Like Notebooks, After creating a SQL Script, we can Commit, after you have committed it will be directly saved within your current working branch.

Pipelines

Also here we have now a Commit option.

Workspace_publish

Beside the Notebooks and the SQL Scripts we can also store the Credentials and Spark Job definitions in Azure Dev Ops

Differences

So as we can see the main differences between Azure Data Factory and Azure Synapse Analytics are:

Workspace_publish branch instead of adf_publish branch.

Commit instead of Save.

Azure Data Factory Pipelines

By moving your code from Azure Data Factory to Azure Synapse Analytics in Azure Dev Ops your Azure Data Factory Configuration will be available in Azure Synapse Analytics.

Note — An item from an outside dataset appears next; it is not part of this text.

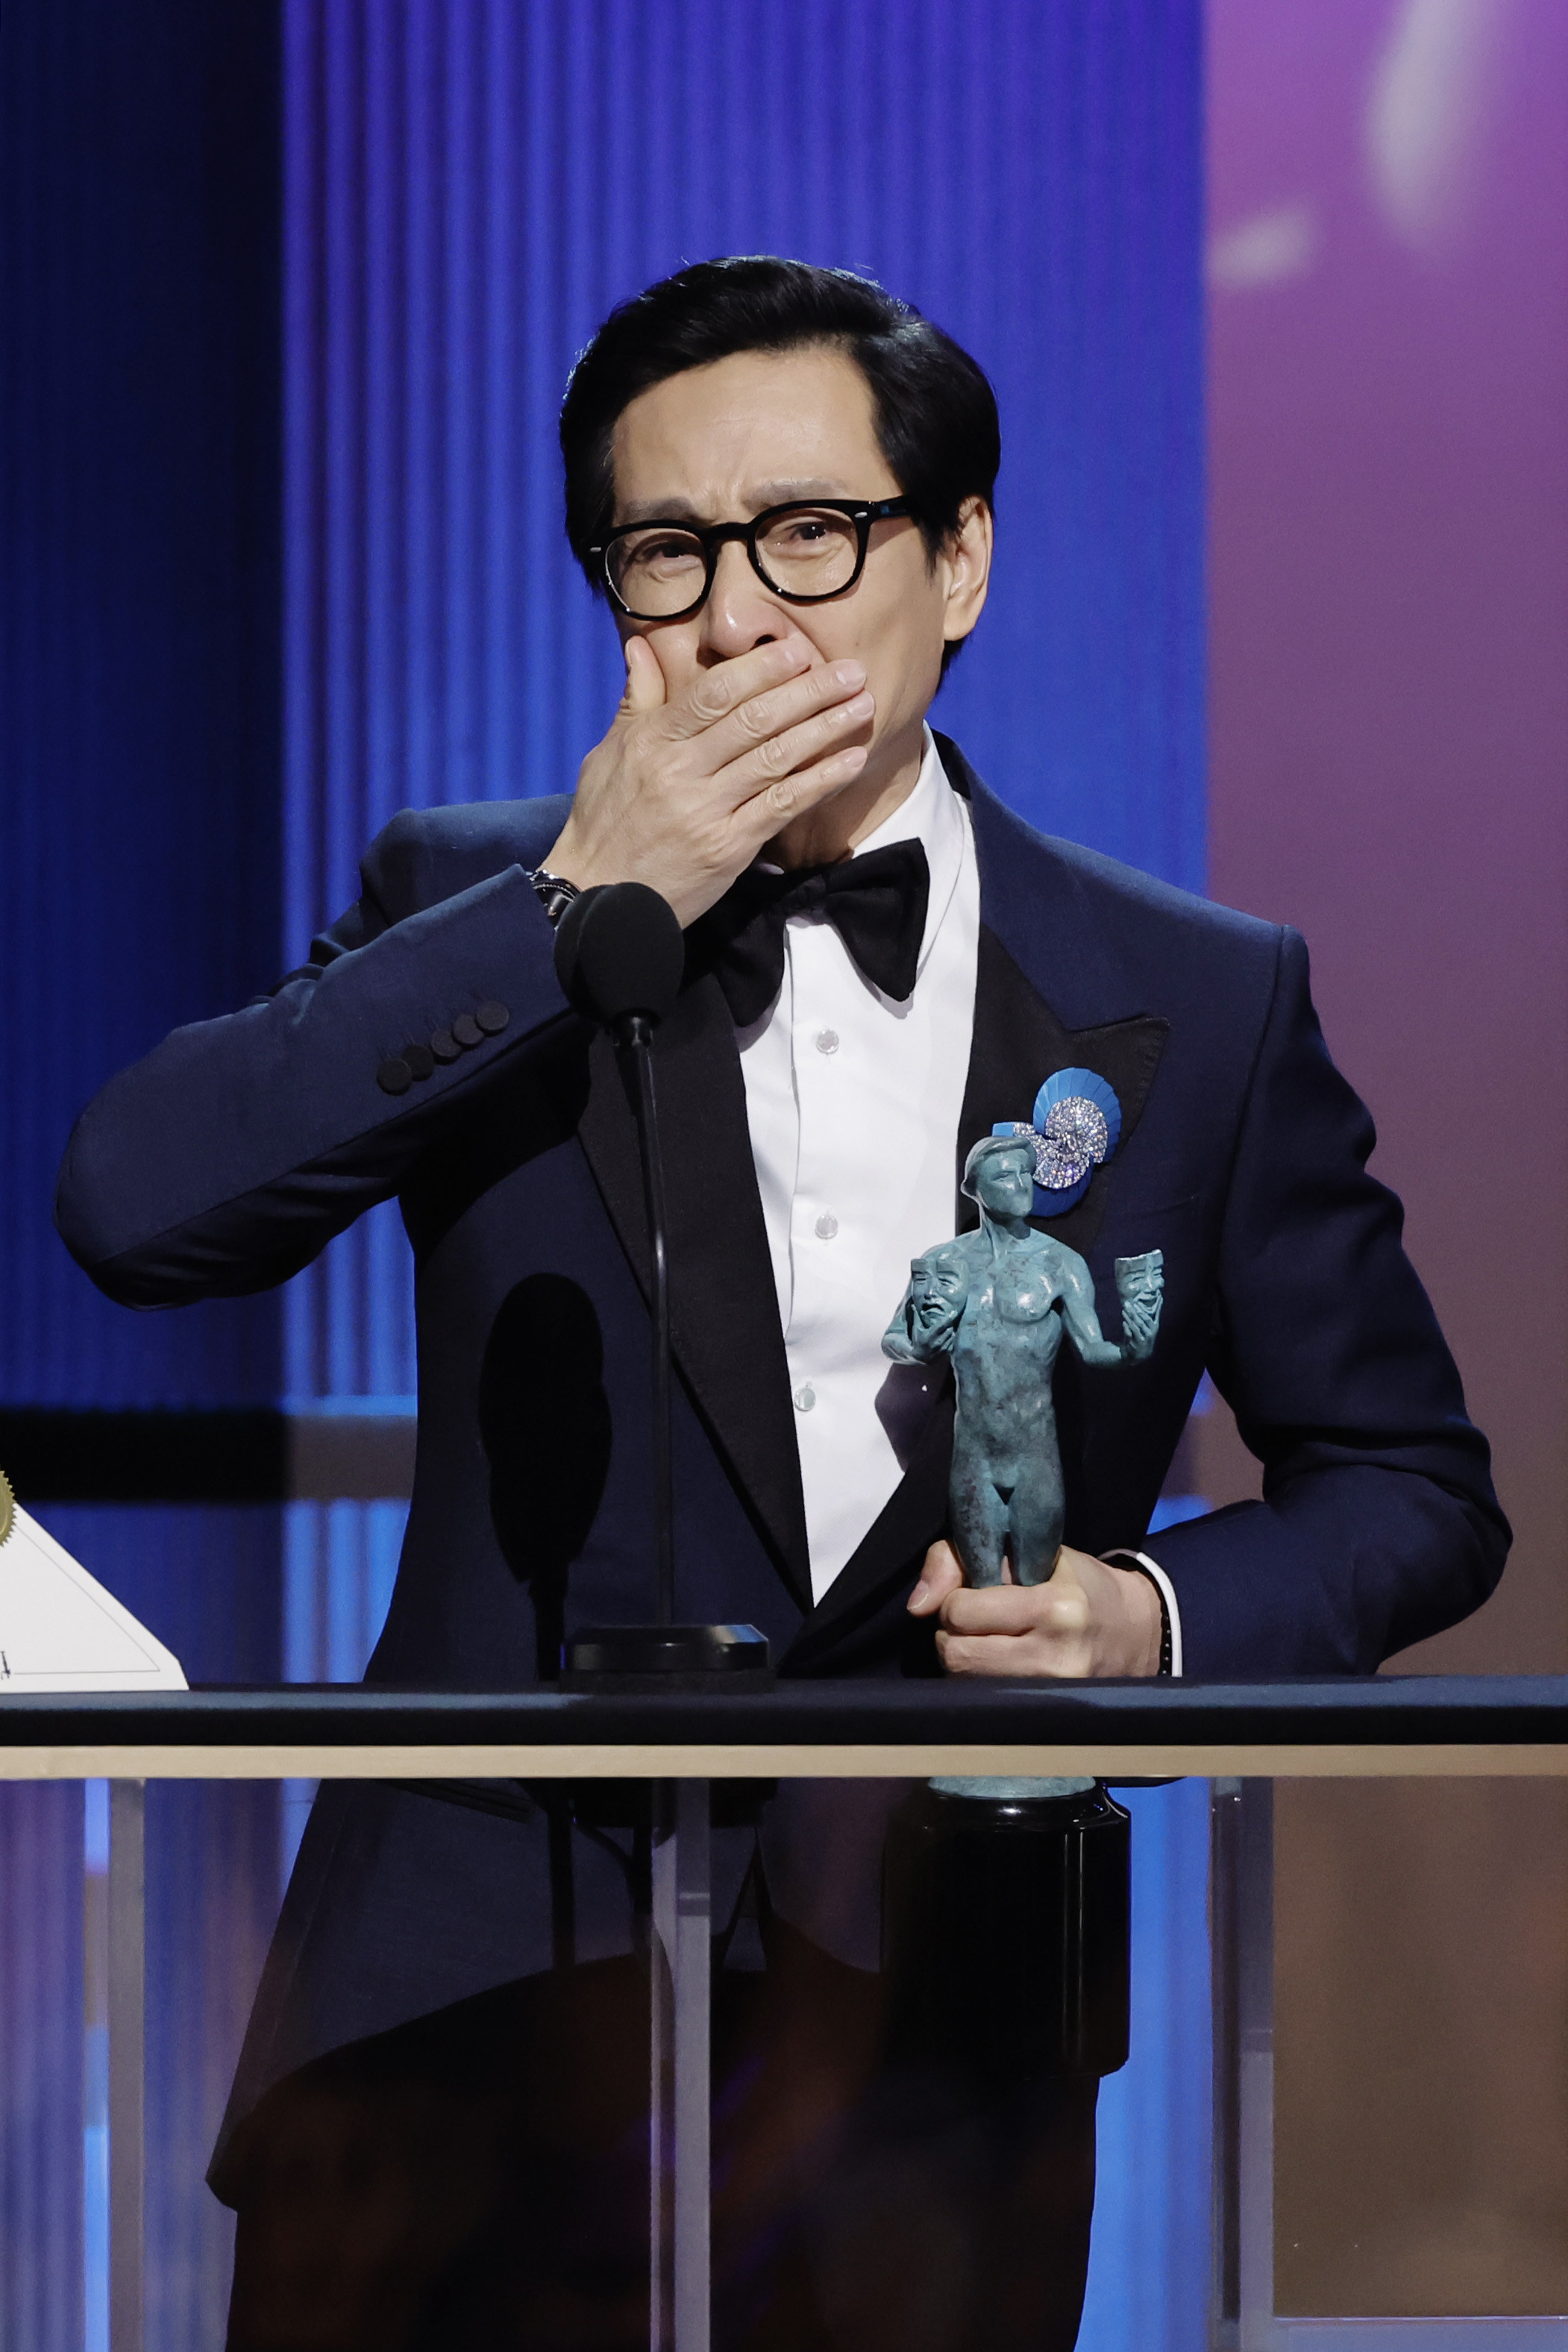 Ke Huy Quan accepting his SAG award

I added my ADF code to Azure Synapse in Azure Dev Ops and it looks the same.

After Refreshing the Azure Synapse Analytics Workspace, in the Data Hub we see the Integration Datasets(ADF DataSets) and the Linked Storage accounts.

And in the Integrate Hub, we see all our Pipelines. And the same is working for our triggers

It looks like that we can reuse our code quite easily. I haven't tested everything yet but I wanted to share this with you as quick as possible. I'm sure a easier way to migrate from Azure Data Factory to Azure Synapse will be on his way, you can use above as a start.

Integration Runtimes

Does everything work as in Azure Data Factory, NO at this moment you can't use the Azure SSIS Integration Runtime and the shared Self Hosted Integration Runtime? But hopefully this will take not that long before it will arrive.

Thank you for reading, this was a quick overview of the first changes I discovered. Please feel free to leave comment if you have discovered more.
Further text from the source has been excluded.